The government also presented sufficient evidence to establish a causal relationship between appellant's negligence and Mr. Tucker's death. As we have already mentioned, the government's expert testified that Mr. Tucker should have been visible from a distance of 300 feet, yet appellant never saw him until the moment of impact. Given this evidence, the jury could reasonably conclude that appellant's complete failure to see an otherwise visible pedestrian was attributable to her intoxication and her failure to maintain a proper lookout while talking on her cell phone, and hence that her negligence proximately caused her to strike Mr. Tucker with her car.


V.


Appellant's last contention is that the prosecutor misled the jury during his closing argument when he referred to a police officer's testimony that the street lights were functioning properly upon the officer's arrival, without also mentioning that the officer arrived on the scene more than an hour after the accident, and that a witness testified that the lights were "messed up" and would "go on and off." Normally, when reviewing such allegations of improper argument, this court must determine whether the prosecutor's statements actually were improper and, if so, whether the verdict was substantially swayed by the impropriety. See, e.g., Harris v. United States, 602 A.2d 154, 159 (D.C. 1992) (en banc). In this instance, however, defense counsel made no objection at trial to the prosecutor's statement, so "we may not reverse unless the court's failure to intervene sua sponte and take corrective measures amounted to plain error." McGrier v. United States, 597 A.2d 36, 48 (D.C. 1991) (citation omitted). Because we conclude that the prosecutor's rhetorical question during closing argument was proper, we reject appellant's claim of error.
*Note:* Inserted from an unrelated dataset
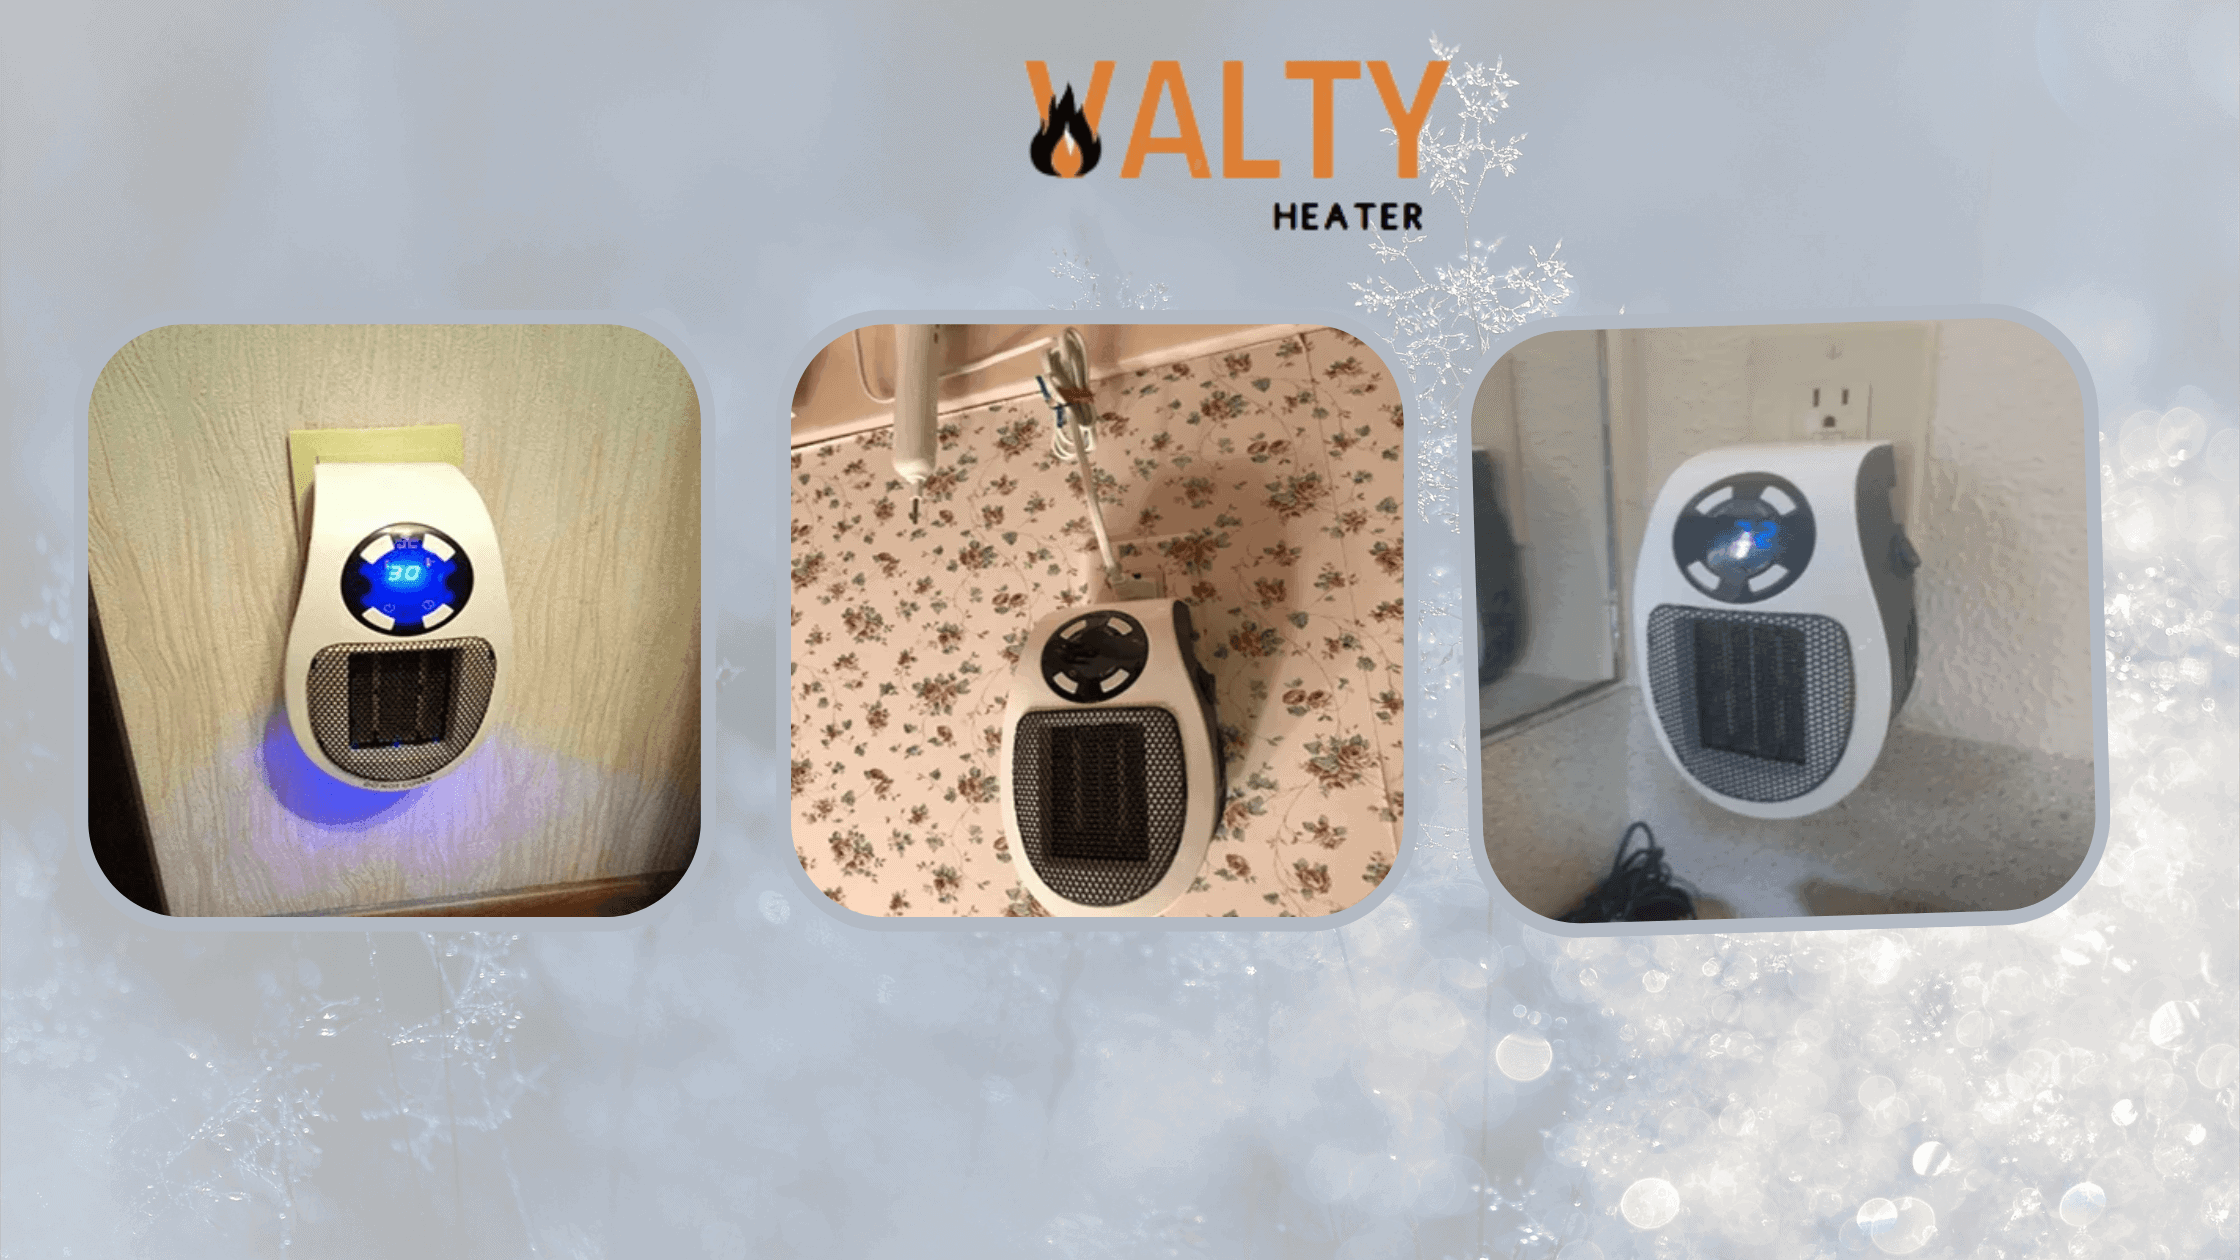 Valty Heater Customer Reviews

It is settled beyond dispute that a prosecutor "may prosecute with earnestness and vigor -- indeed, he should do so." Berger v. United States, 295 U.S. 78, 88 (1935). There are, of course, limitations on such vigor. The prosecutor may not refer to evidence not in the record, see McGrier, 597 A.2d at 49, make comments intended to inflame the jury, see Nelson, 601 A.2d at 598, or make statements designed to mislead the jury, see Townsend v. United States, 512 A.2d 994, 1000 (D.C. 1986). The prosecutor in this case engaged in none of these improprieties, but merely posed to the jury a rhetorical question that made reference to testimony it had already heard. There is no requirement, as appellant seems to believe, that a prosecutor simultaneously remind the jury of evidence that may point the other way when asking the jury to return a guilty verdict. See State v. Schwartz, 266 Minn. 104, 110, 122 N.W.2d 769, 773 (1963) (a prosecutor " 'is not bound to make his argument to the jury colorless, or argue both sides of the case, if the defendant is represented by counsel' " (citation omitted)). If such a reminder is called for, defense counsel can and should provide it; that is not the prosecutor's job. The trial court in this case had no reason to take any corrective measures sua sponte, for there was nothing to correct. See, e.g., Irick v. United States, 565 A.2d 26, 33 (D.C. 1989).


VI.


Appellant's conviction is therefore Affirmed.